The Case of the Vanishing Synapses

Nr. 48

The Case of the Vanishing Synapses

London was exactly what London ought to be that evening: grey, wet, undecided. The rain pretended to be fog, and the fog pretended to be important.

I sat at my desk on Baker Street. On the table: a stack of files, a cup of tea (offensively weak), and a brain model I’d placed upside down out of principle. Order is for people who don’t have thoughts. 🧐☕️

Watson came in, wordlessly dropped a new folder, and left again. Her most elegant form of panic.


On the cover it read: “Brain fog after infection – MRI unremarkable.” Ah. The classic. When the MRI shows nothing, people start using their imagination against the patient. I opened the file.

 


The Situation


  • Patient: early 30s.
  • First infection: barely any symptoms.
  • Second infection: focus gone, word-finding like a badly shelved library, fatigue with royal stubbornness.


  • And the MRI? Unremarkable. Of course.
  • An MRI is like a tourist in London: it sees Big Ben, takes a photo, and claims it “gets the city.”

Crime Scene: The Hippocampus


When people say “memory,” they usually mean they can’t find their keys. When I say “memory,” I mean structures, synapses, signalling pathways and the eternal question of who, in biology, decided to put “safety” above “function” again.

In the hippocampus, the brain’s archive, something was missing, without looking dramatic: synapses.

Synapses are the contact points between nerve cells. Or, in normal-person language: tiny little bridges where information jumps across. Without them, thinking becomes… slow. Sticky. Foggy. 🌫️
When synapses disappear, it’s rarely romantic. It’s more like accounting: minus here, minus there, and suddenly the balance is empty.

The Usual Suspects 


London loves false suspects. Medicine does too.


  • Stress.
  • Sleep.
  • “Maybe it’s psychological.”
  • “Maybe you should drink more.” (Water, not wine—though both get recommended with surprising confidence. 

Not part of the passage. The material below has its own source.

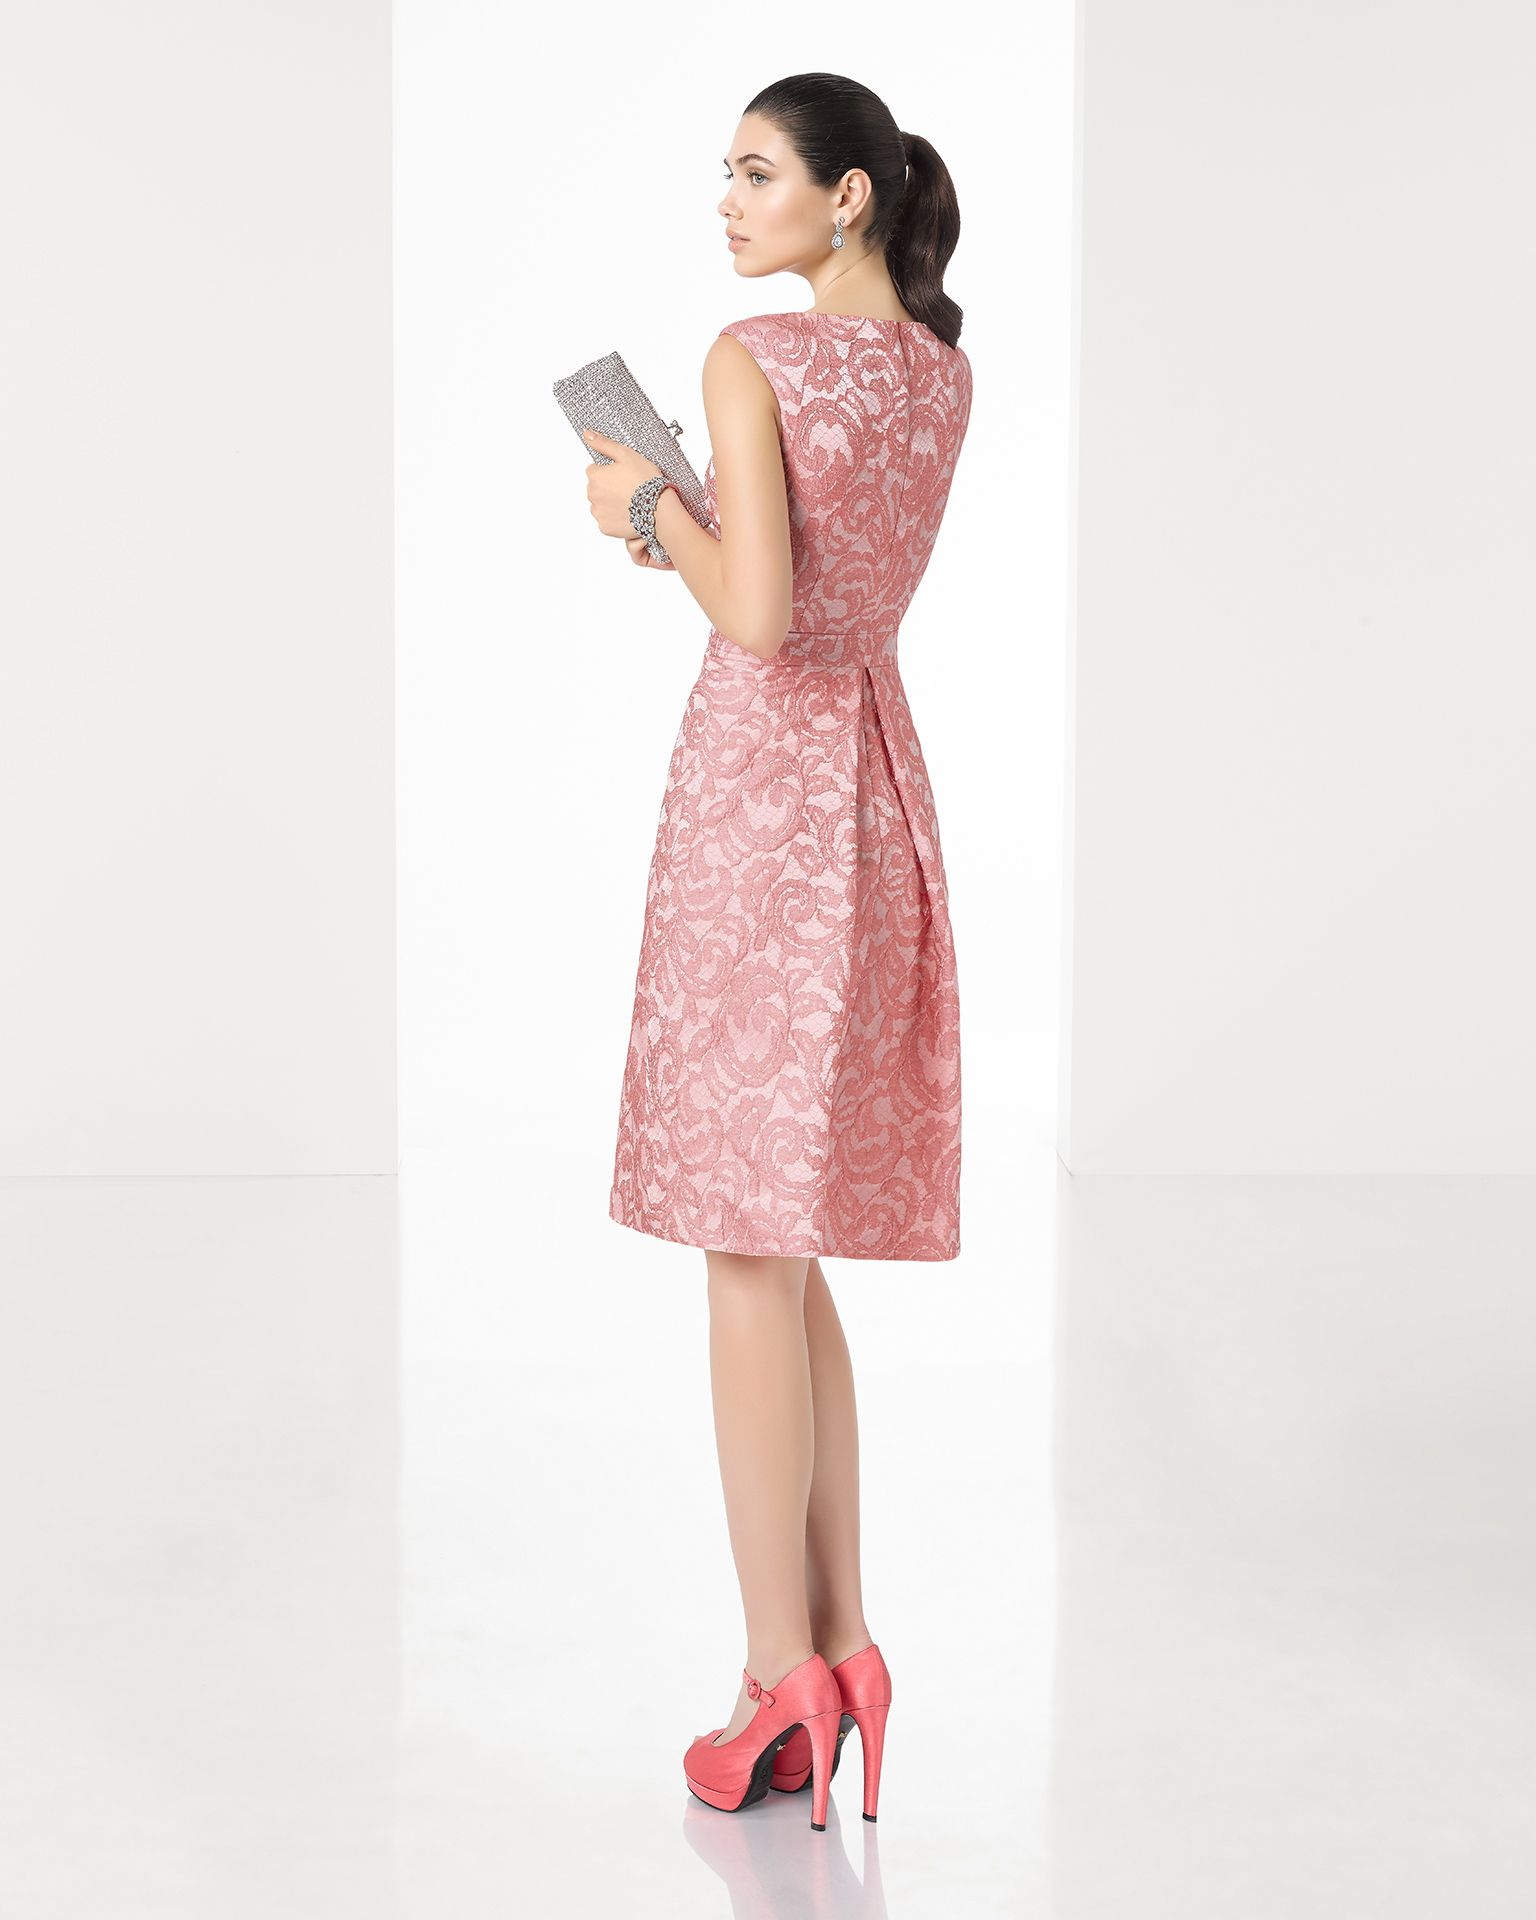 1T1E6 | Cosas que ponerse | Pinterest | Rosa clará, Vestidos de ...

Lovely ideas. Completely useless for explaining why everything escalated after the second infection.
The truth is usually unimpressive—until you understand it.

 

The Real Mechanism: An Alarm System with a Grudge


There’s an agent team in the brain that’s usually very helpful: microglia. You can call them the “rubbish collectors.” Or “caretakers.” Or, if you’re honest: “the ones who sometimes clean a bit too enthusiastically." 


Microglia tidy up when something looks damaged or suspicious. And during inflammation they get signal flares from the immune world.

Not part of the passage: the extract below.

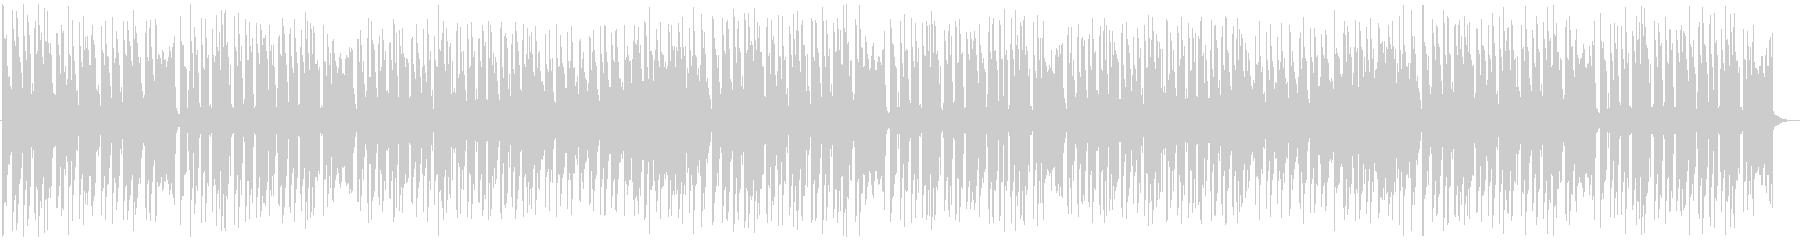 Kawaii FutureBass 01's unreproduced waveform

One of those signal flares is a messenger that sounds like a Wi-Fi password: interferon gamma (IFN-γ). When it shows up, it’s like someone shouting “FIRE!” in a museum because a visitor breathed too loudly. 


And here’s the part many people don’t see coming:
During the
first infection, it’s not only the immune system that wakes up. Neurons can “learn” too, not with thoughts, but with wiring diagrams.

 

Epigenetics, Briefly and Slightly Mean


DNA is a cookbook. Recipes are genes. Epigenetics is the sticky notes and highlighters:


  • “Make this recipe often!”
  • “Never make this one!”
  • “Make this one immediately if danger!” 🚨

The letters in the cookbook don’t change. But which pages are constantly kept open? That can change.

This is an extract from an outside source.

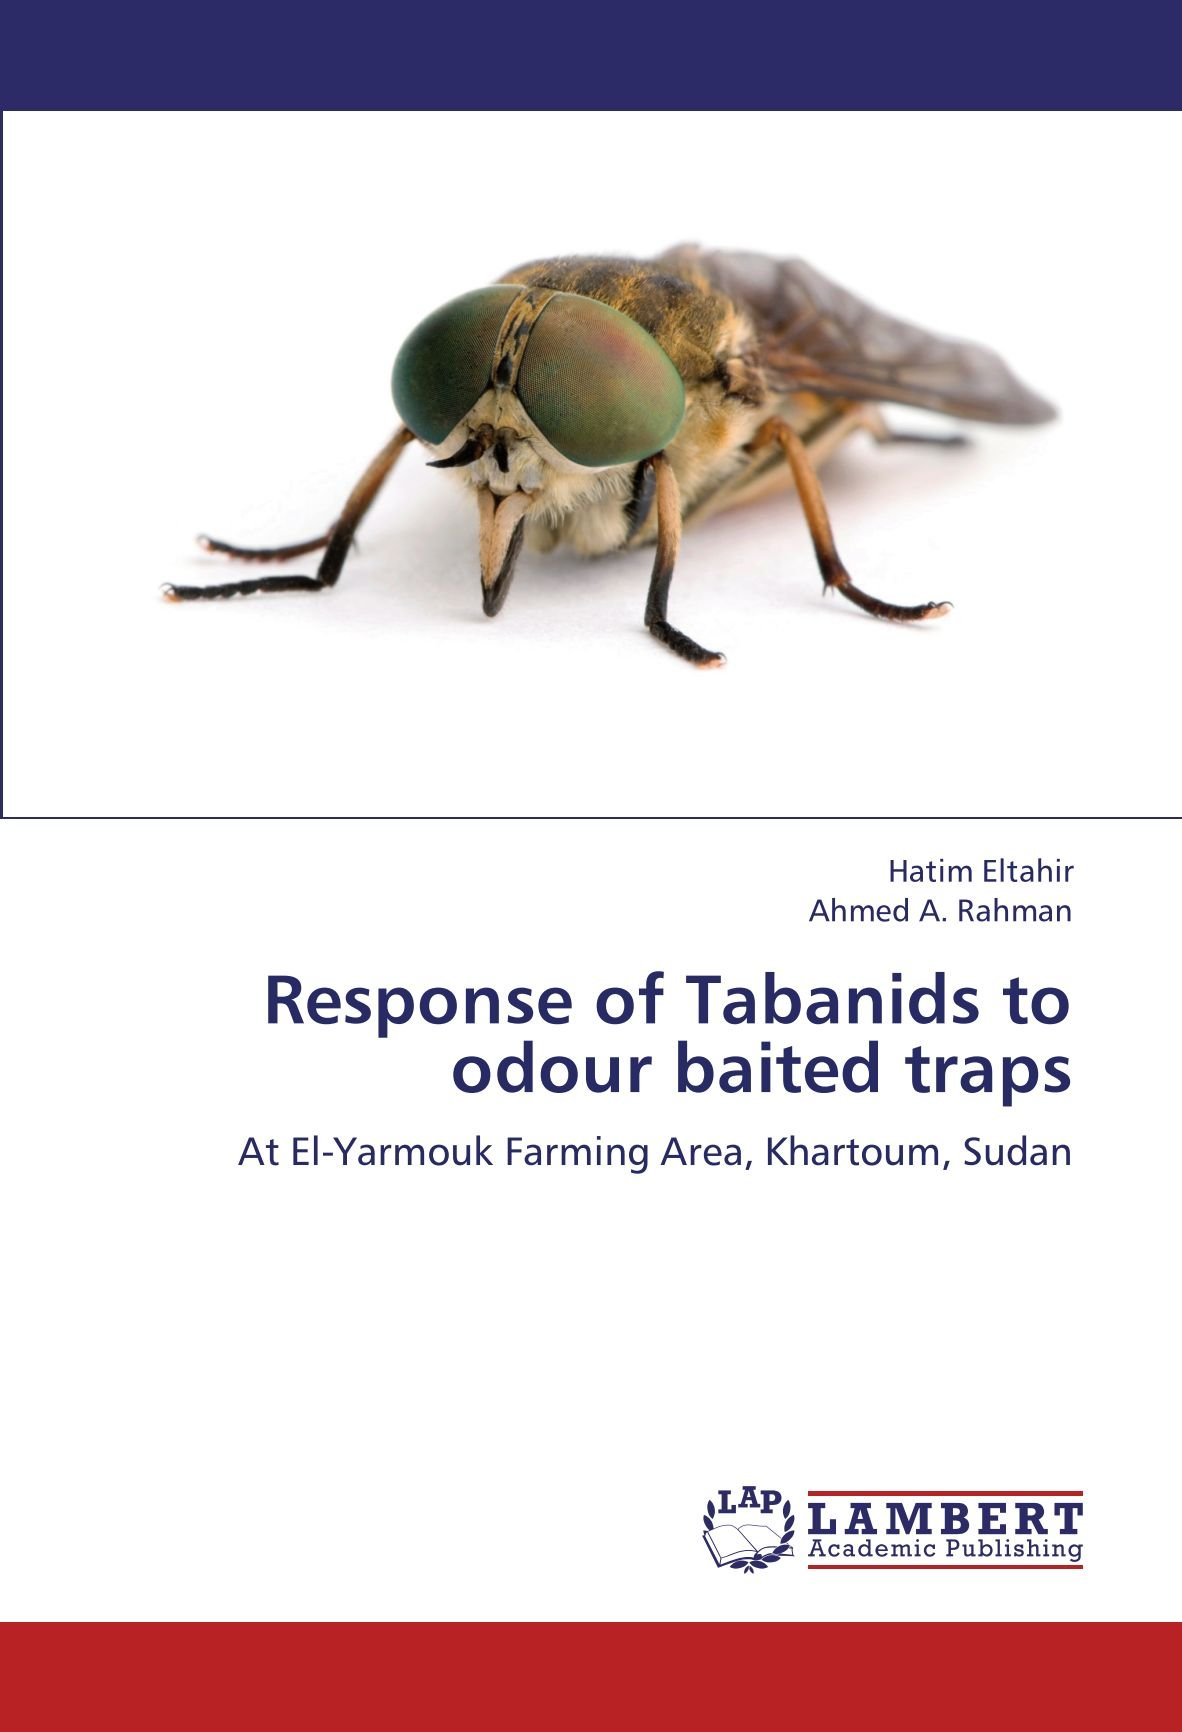 Response of Tabanids to odour baited traps: At El-Yarmouk Farming

After the first infection, the brain can basically slap on sticky notes: “Next time, react faster.” That’s logical, biology likes survival.

The problem: next time it may react too fast, too strongly, and calls in microglia who then don’t just look for viral leftovers, but start treating synapses as “suspicious.”
The result isn’t a bang. It’s a vacuum cleaner drama: quieter, but effective .

Reconstruction of the Crime

  • First infection: the brain experiences inflammation → an epigenetic “priming” develops.

  • Second infection: the alarm response switches on faster and harder.

    IFN-γ rises: immune alarm inside the brain.

  • Microglia clean up: too much zeal, not enough finesse.

  • Synapse loss: thinking gets tougher, memory foggier, everyday life heavier. 


And then the MRI strolls in, nods politely, and says: “Looks fine.” Thanks for nothing. 

Conclusion


The patient isn’t imagining it. She isn’t “just stressed.” And she certainly isn’t “simply sensitive.” She’s experiencing a biological effect: a brain that remembers inflammation and overreacts the second time.


WatsOn will translate that into kinder words. I, however, prefer the truth: London doesn’t forget. And sometimes the brain doesn’t either. I took a sip of tea, pulled a face, and wrote the case summary into my notebook:
“Culprit: epigenetic alarm readiness. Accomplice: microglia. Victim: synapses.” And at the very bottom, in small print for my eyes only: “Humans regularly underestimate how grudging biology can be.”